Status: Living document. Update it when reality changes.
1. What we’re building
WiqAIa+ is an AI-powered control room platform for buildings in Saudi Arabia. It turns existing IP cameras into a 24/7 intelligent safety layer that:
- Detects fire, smoke, crowd hazards, and other anomalies on every connected camera using a tiered AI pipeline.
- Correlates fire-alarm-panel events with live AI analysis of nearby cameras to suppress false alarms (the highest-value capability — Mecca-area incense / bakhoor smoke triggers fire alarms constantly).
- Presents operators with a spatially-aware view of every connected building through a 3D digital twin.
- Routes verified alerts to the right responders (Civil Defence, building managers, fire-department dispatchers) with evidence packages attached.
The platform is multi-tenant by design. Civil Defence is both an end-customer (national HQ view across all connected buildings) and a regulator-style stakeholder. Building owners (hotels, malls, Hajj accommodations, public buildings) are paying tenants.
2. Why this plan exists
The first paying pilot is Saudi Airlines at the Arafat Hajj 2026 site. The Hajj operational window (~May 25 – June 5) is non-negotiable: pilgrims arrive on a date set by the lunar calendar. The platform must be live and stable before they arrive.

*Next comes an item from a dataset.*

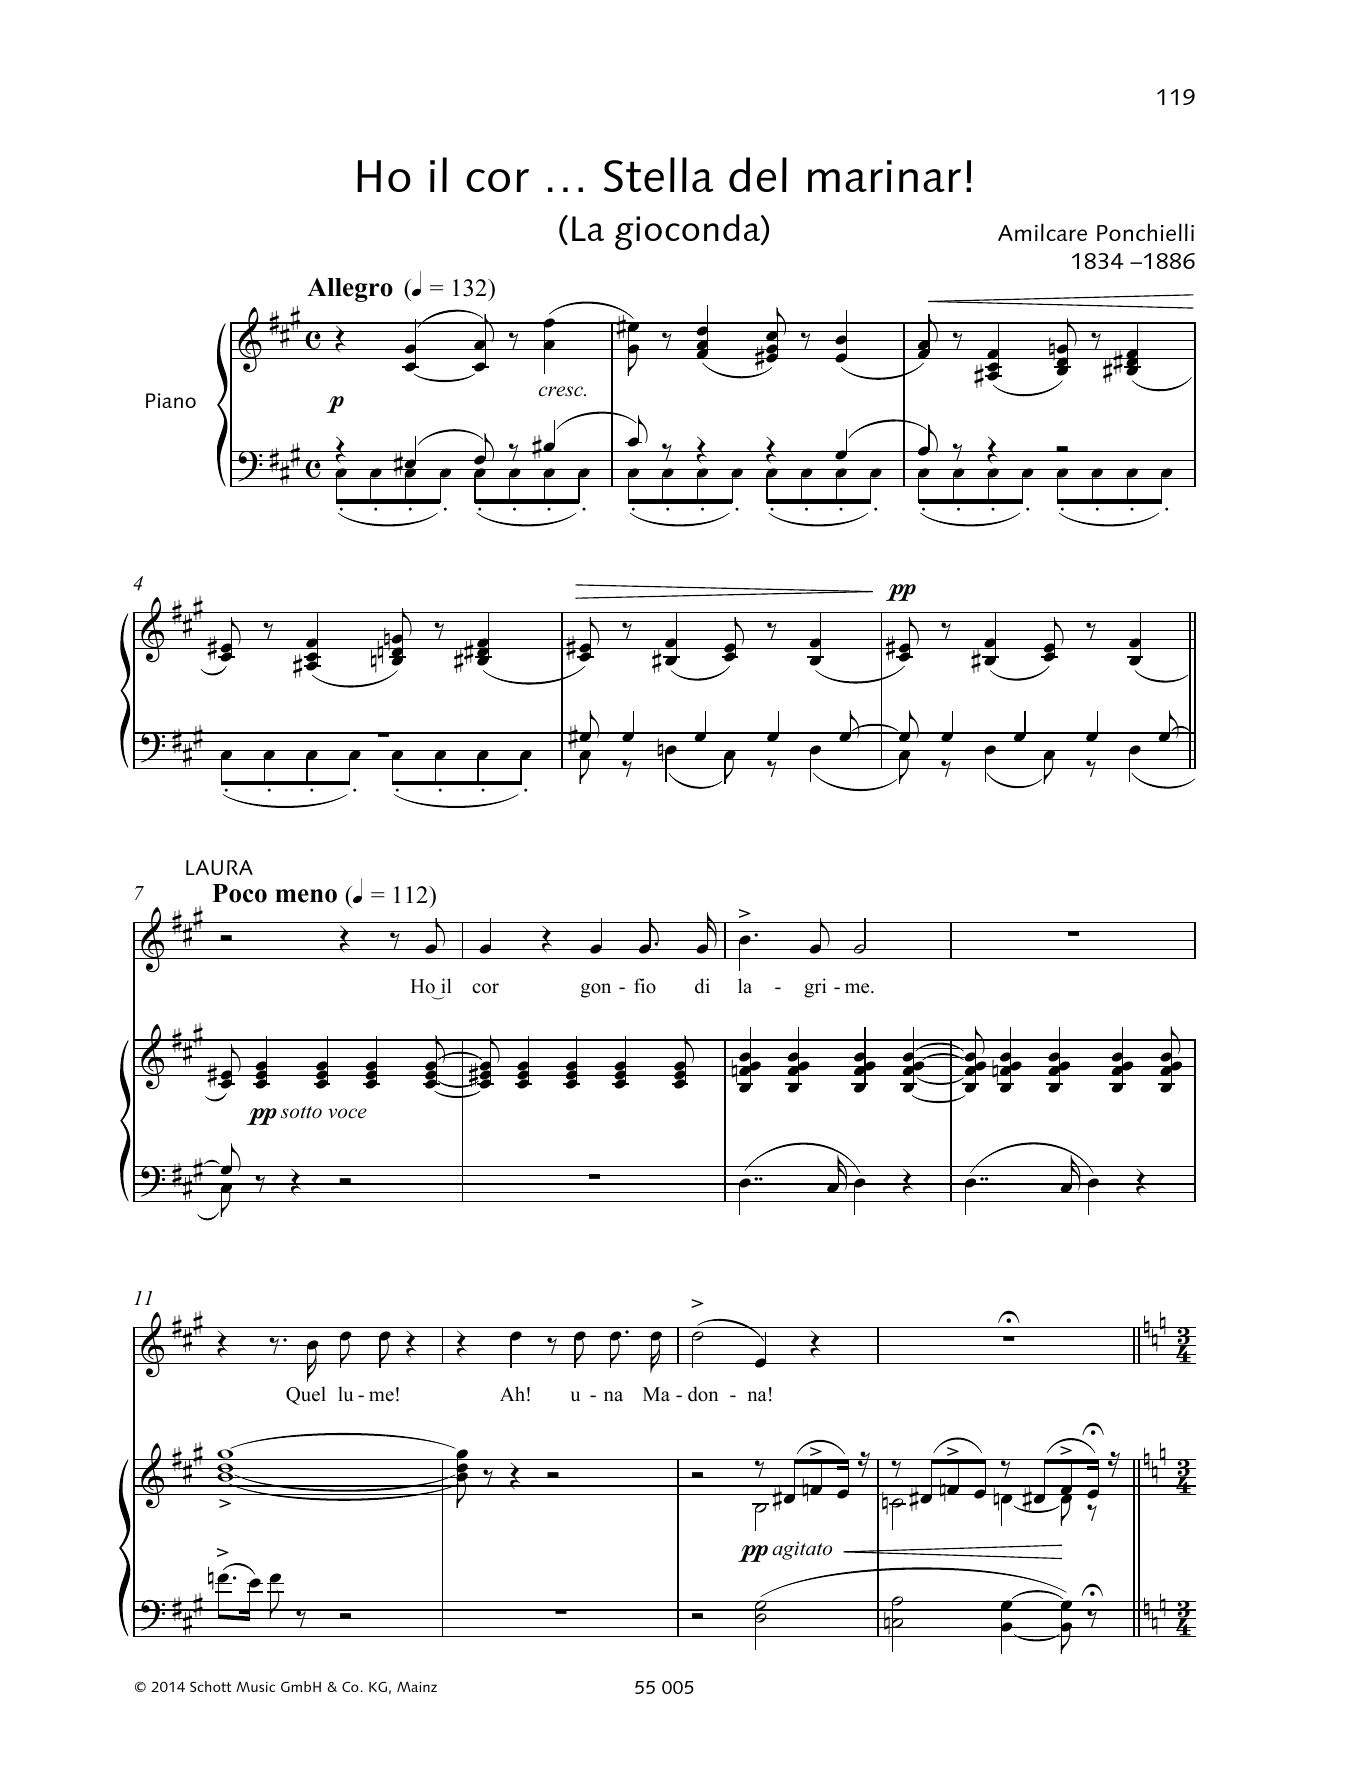 Francesca Licciarda Ho il cor... Stella del miranar! Sheet Music Notes & Chords for Piano & Vocal - Download or Print PDF

We are building from scratch. The prior Electron prototype at C:/Development/WiqAIa/ informs design but is not the build target — the new platform is cloud-deployed, multi-tenant, production-hardened, and architected to scale to thousands of future tenants. (See docs/civil-defence-innovation-submission/ for the planning artifacts and submission docs that informed this.)
The risk profile is unusually severe: both the GCP/CNTXT cloud terms and the customer contract are described as “cut your head off” if we get it wrong. Liquidated damages, billing surprises, data leaks, and missed deadlines all have outsized consequences. This plan is built around protecting the project from those failure modes first, and chasing features second.
3. Operating principles
These govern every decision. When a tradeoff comes up, walk back to these.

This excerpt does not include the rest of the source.